One of the main functions of banks is to provide payment services to their customers. Another, lesser-known role of banks has become increasingly important in recent years, which is to protect the financial system from abuse and crime. After all, crime should not pay. Because by opening an account the bank gives account holders access to the financial system, banks as 'gatekeepers' must ensure that the financial system is not abused. For example, to launder criminal money.
For too long, banks were governed by the 'business over compliance' rule, and the lack of (expensive) supervision of unusual transactions has already cost several banks hundreds of millions in fines. High-ranking bank executives are also currently facing criminal prosecution. The scare is well under way at banks, which are now investing a lot of money and manpower in complying with the rules of the Money Laundering and Terrorist Financing (Prevention) Act in particular. The fact that banks sometimes take a frenetic approach in this regard was demonstrated by the ruling in a case brought by a meat trader after Rabobank wanted to terminate the customer relationship.
Unusual transactions?
An article appeared in the NRC in November 2021 with the headline: "How Brabant meat traders received millions in cash from Congo" The article was to the effect that the trade between the meat traders with buyers in the African country, mainly because of cash payments, was questionable. Also because they were allegedly trading with persons on a US sanctions list. According to the meat trader himself, no rules were violated.

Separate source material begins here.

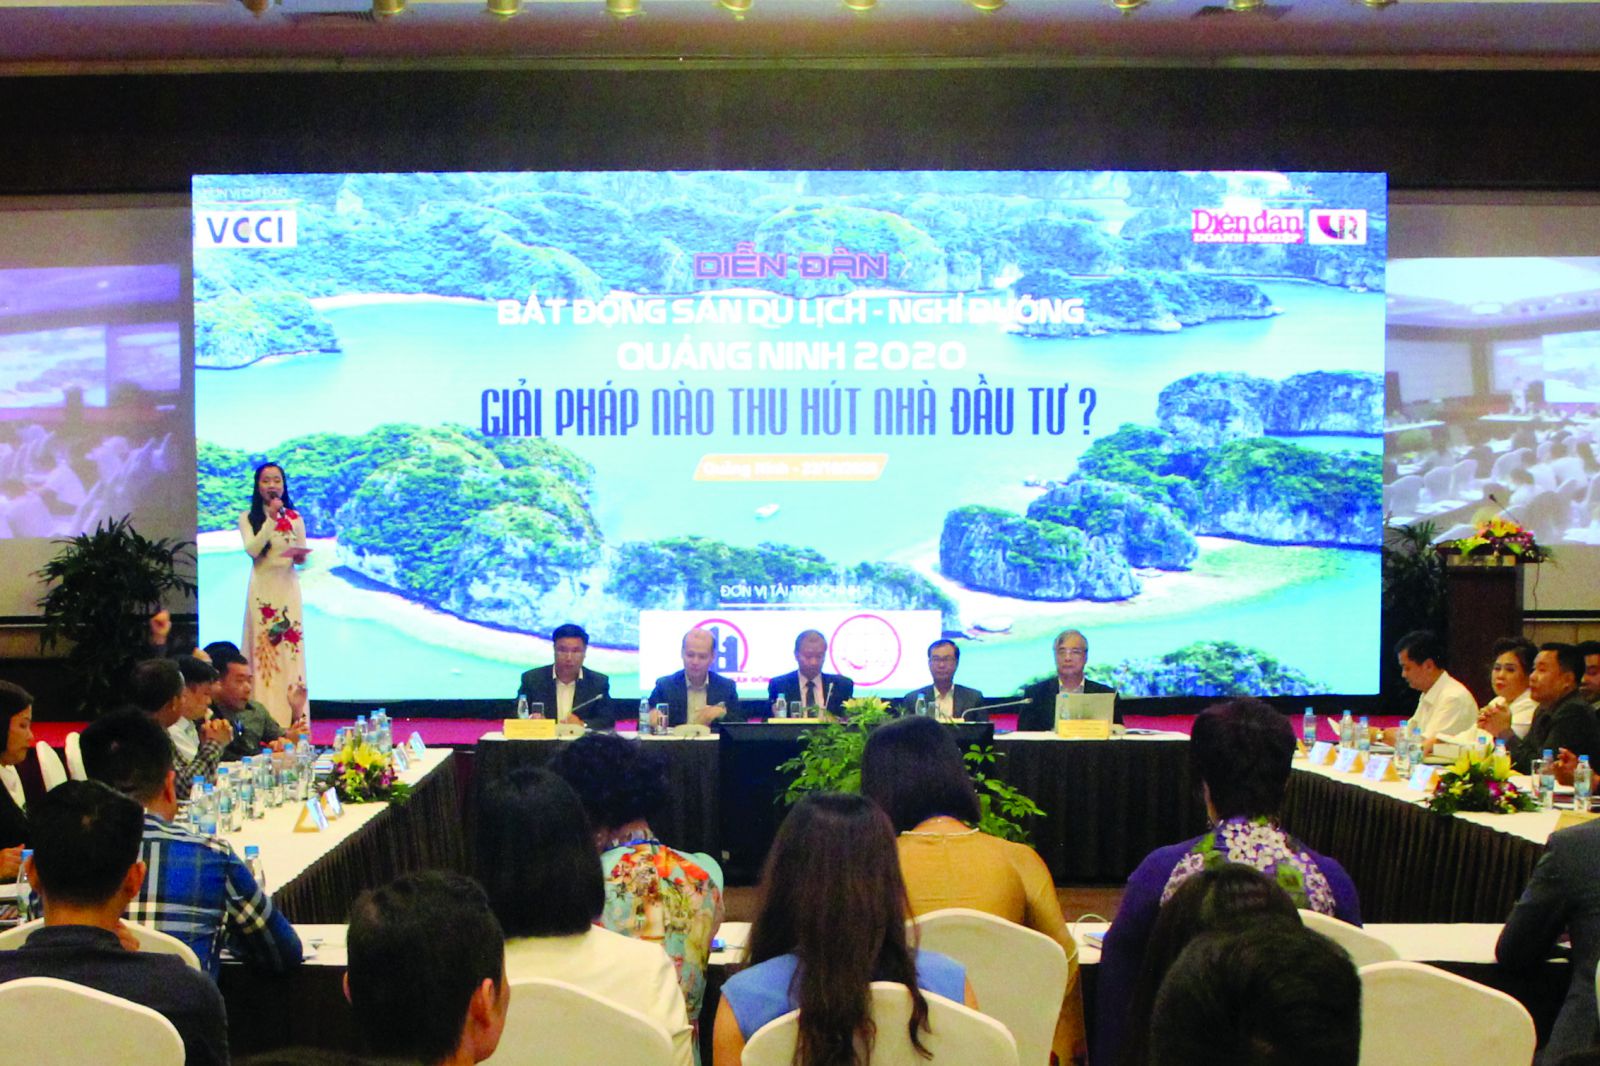  “Diễn đàn Bất động sản Du lịch nghỉ dưỡng Quảng Ninh 2020: Giải pháp nào thu hút các nhà đầu tư?”

Although the meat trader had been a customer of Rabobank for many years (from 2002), Rabobank saw this article in the NRC as grounds to launch a client investigation. A provisional management order was also imposed, making it impossible to use the account for international transactions. Needless to say, this was very damaging to the meat trader's business, which filed a lawsuit.
No unacceptable risk
The preliminary relief judge ruled this week that Rabobank had not made sufficiently plausible that without the management measure it would run an unacceptable risk that the meat trader would (again) become involved in unauthorised or reprehensible business practices. It would ultimately have been a limited number of out-of-touch transactions. Moreover, the trader had shown willingness to comply with Rabobank's stricter requirements. Also, at Rabobank's request, the meat trader had gone to great lengths to get the NRC article corrected. That this had not succeeded could not be held against the meat trader. Also, the long customer relationship played a role, and more account should have been taken of the fact that over the years, banks simply dare to take fewer risks with customers. Rabobank did not make it plausible that less far-reaching or drastic control measures that more specifically and concretely stated which transactions and in which countries and/or regions would be prohibited were not sufficient. The imposition of the management measure under the given circumstances was contrary to proportionality and therefore unacceptable according to the standards of reasonableness and fairness.
Frenetic money laundering
The ruling indicates that financial institutions are caught between two fires. On the one hand, the Public Prosecutor's Office and financial regulators threatening banks with mega fines and personal liability of executives if insufficient action is taken in response to unusual transactions. On the other, the courts, which whistle back the banks if the bank falls through in this.
In March 2022 pleaded my office colleague Mr David Penn for more consideration of the complexity of the money laundering problem. The government could start by criminalising gatekeepers less but seeing them as an ally in the fight against money laundering. With that in mind, financial institutions may be less likely to take careless yet draconian measures against account holders, which may unnecessarily impede normal trade. This ruling is expected to contribute to that.